= Fernand Verhaegen =

Belgian painter and etcher

Fernand Verhaegen (1883–1975) was a Belgian painter and etcher.

He was born in Marchienne-au-Pont, near Charleroi in Wallonia. He took courses at the Académie Royale des Beaux-Arts from 1900 to 1906 and there became friends with Rik Wouters and Edgard Tytgat. After graduation, he exhibited his works in Belgium and abroad (Biennale of Venice in 1920 and 1922). His style gradually evolved from impressionism and Belgian luminism to a synthetic form of capturing reality. In his later years, he came back to a personal form of impressionism.

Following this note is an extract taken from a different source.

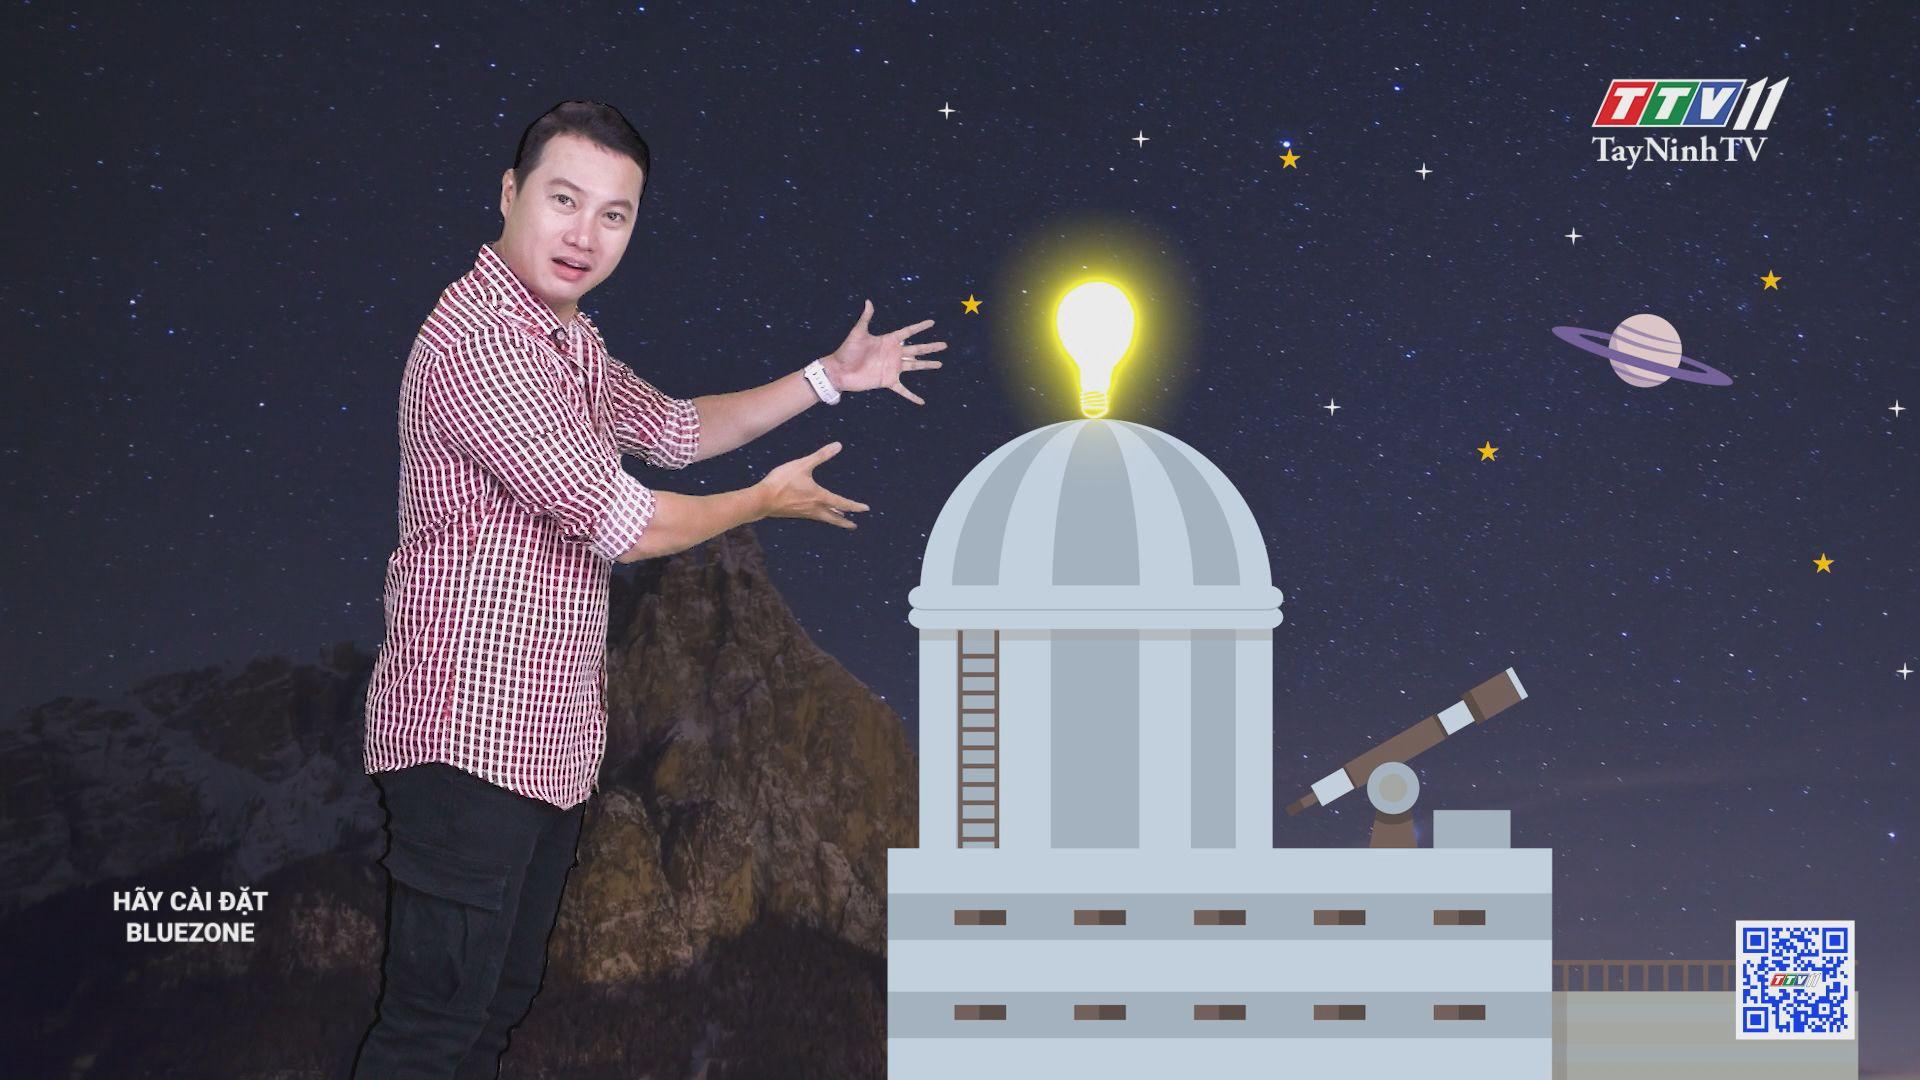 Trạm quan sát thiên văn được làm từ phế liệu | CHUYỆN ĐÔNG TÂY KỲ THÚ | TayNinhTV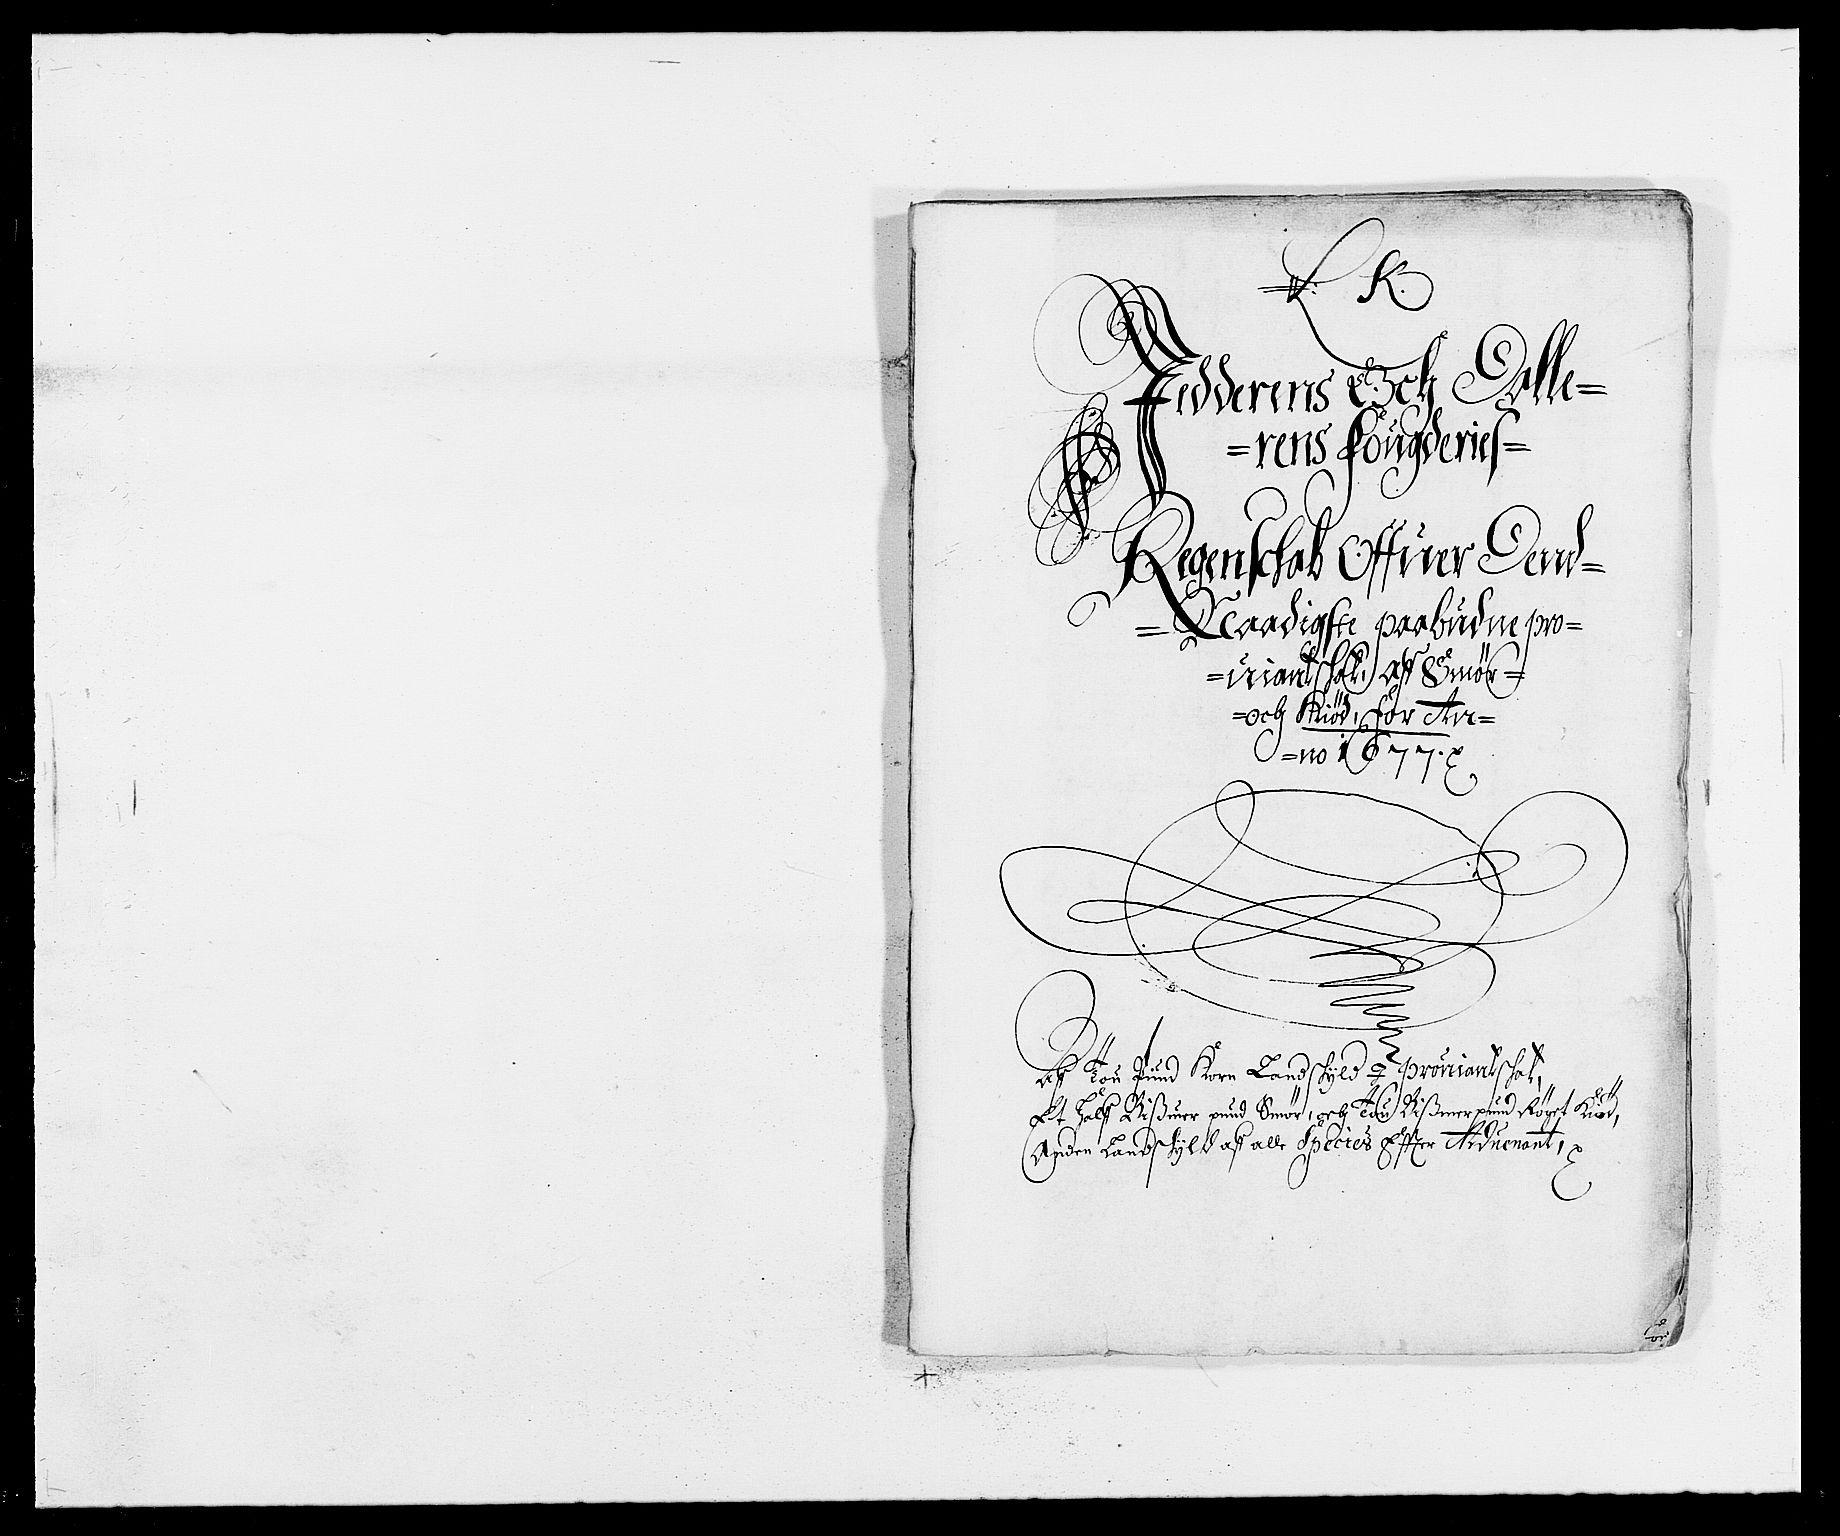 RA, Rentekammeret inntil 1814, Reviderte regnskaper, Fogderegnskap, R46/L2717: Fogderegnskap Jæren og Dalane, 1677, s. 277

Verhaegen specialized in painting Walloon folklore: Carnival of Binche (he was soon recognised as the painter of "the Gilles of Binche"), Doudou of Mons, Giants of Ath, Chinelles of Fosses, Chaudia of Leernes, Pasqueye, and so on. He also created a series of etchings devoted to the folklore in Wallonia. In his book about this artist, Robert Magremanne has named him "the great master of the Walloon folklore". He died in Montigny-le-Tilleul in 1975.

Verhaegen's works are in many museums of Belgium (Antwerp, Brussels, Charleroi, Ixelles, Liège, Mons) and abroad (Genève, Grenoble, Indianapolis).